- Promotional poster
- Genre: Comedy drama
- Written by: Jean Dujardin; Nicolas Bedos;
- Directed by: Nicolas Bedos
- Starring: Jean Dujardin; Charlotte Gainsbourg; Nicole Garcia; Pierre Arditi; Laura Morante; Francine Bergé; Marie-Christine Barrault;
- Composer: Romain Trouillet
- Country of origin: France
- Original language: French
- No. of seasons: 1
- No. of episodes: 6

Production
- Producer: Alain Goldman
- Running time: 47 - 54 minutes
- Production companies: Banijay Entertainment; Montmartre Films;

Original release
- Network: Amazon Prime Video
- Release: 12 October – 2 November 2023

= Alphonse (TV series) =

2023 French television series

Alphonse is a French television series written and directed by Nicolas Bedos.
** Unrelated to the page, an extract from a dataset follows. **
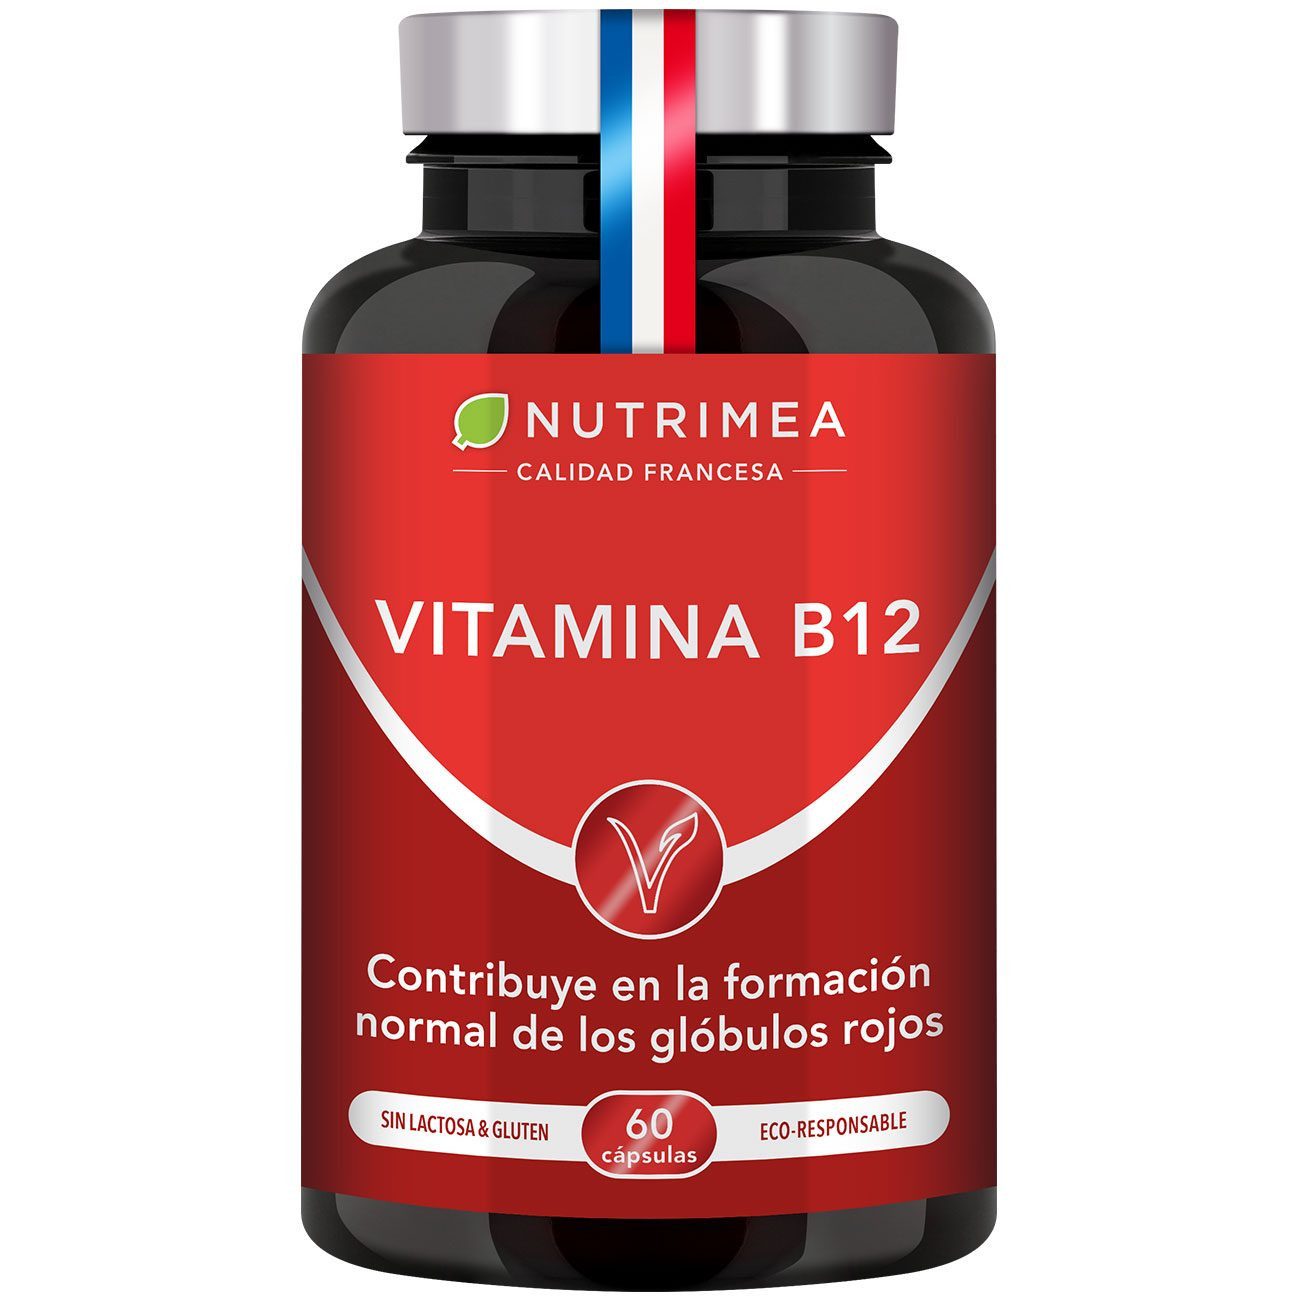 Foto del complemento alimenticio Vitamina B12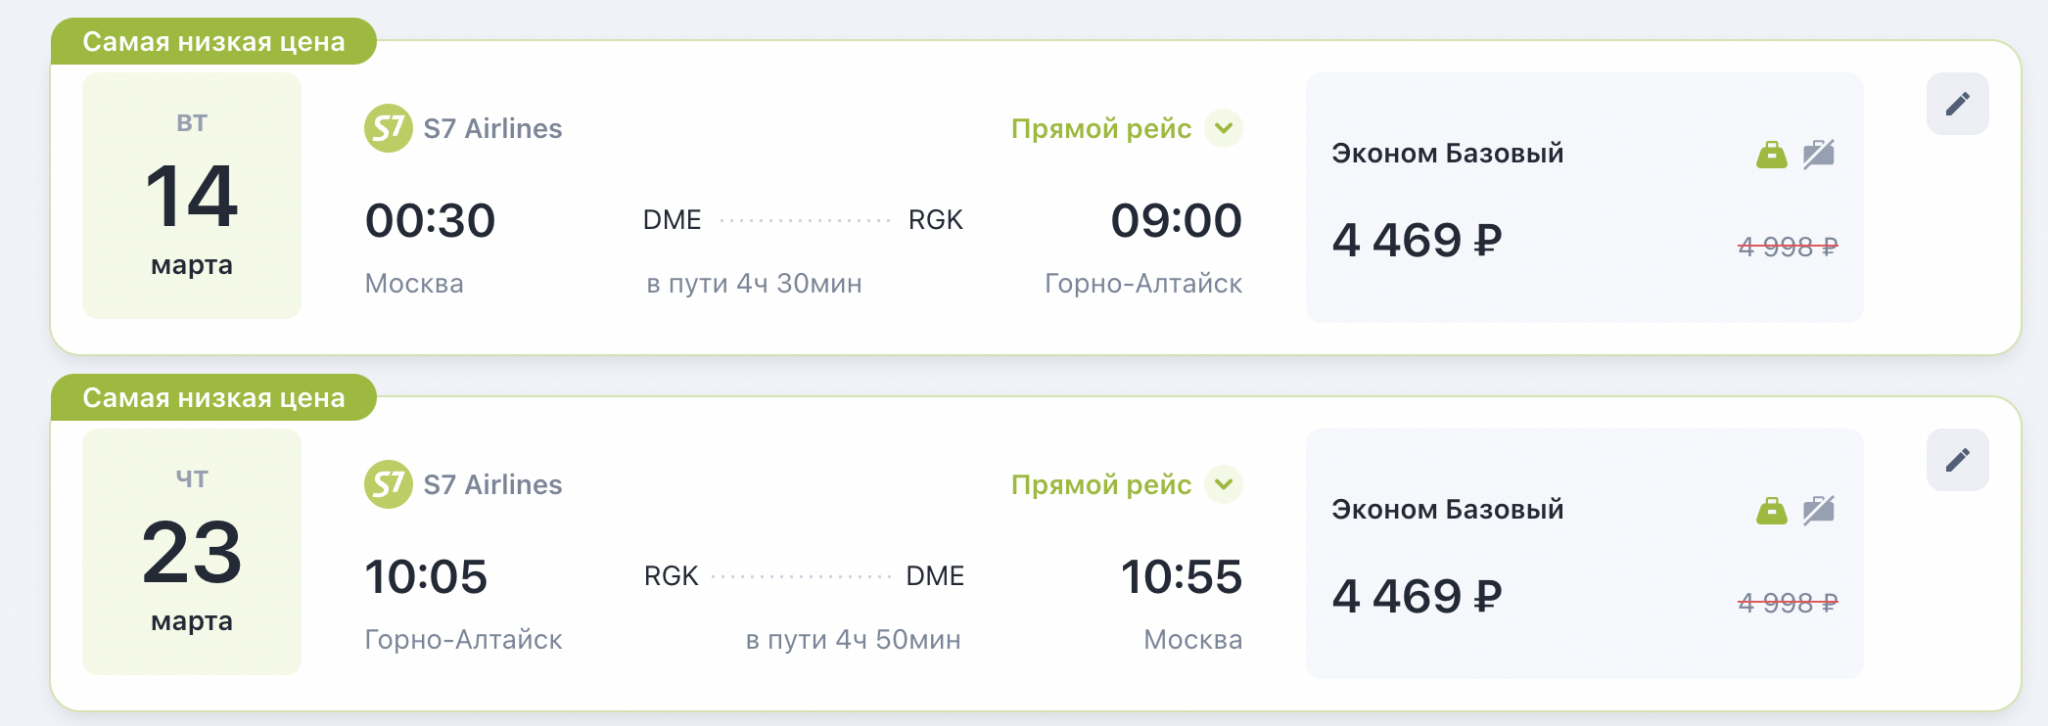 Билеты самолет москва казань туда. Субсидированный билет Казань Москва.

Produced by Alain Goldman under Banijay Entertainment and Montmartre Films, stars Jean Dujardin, Charlotte Gainsbourg, Nicole Garcia, Pierre Arditi, Laura Morante, Francine Bergé and Marie-Christine Barrault. The series premiered on Amazon Prime Video on October 12, 2023.

==Cast==
- Jean Dujardin : Alphonse
- Charlotte Gainsbourg : Margot
- Nicole Garcia : Martha
- Elsa Zylberstein : Eleonore Baumann
- Pierre Arditi : Jacques Bisson
- Francine Bergé : Adele Clement
- Marie-Christine Barrault : Eve Bragnier
- Laura Morante : Laura Tomazi
- Martine Chevallier : Elise Duthi
- Vincent Macaigne : Wildred
- Myriem Akheddiou : The psy
- Lubna Azabal : Natacha Gemier
- Olivier Barthélémy : Bruno
- Nicole Calfan : Marianne
- Anne Canovas : Marie
- Michaël Cohen : Lucien Moreira
- Chantal Neuwirth : Francoise Berleau

==Production==
The series was announced by Amazon Prime Video consisting of six episodes. The principal photography of the series began in 2022 and ended in 2023, with Jean Dujardin, Charlotte Gainsbourg, Nicole Garcia and Pierre Arditi joining the cast.

== Reception ==
In her review for A Good Movie To Watch, Renee Cuisia rated the series a 6.8 out of 10 stars. Shabnam Jahan gave the series a rating of two stars out of five in her review for Leisure Byte.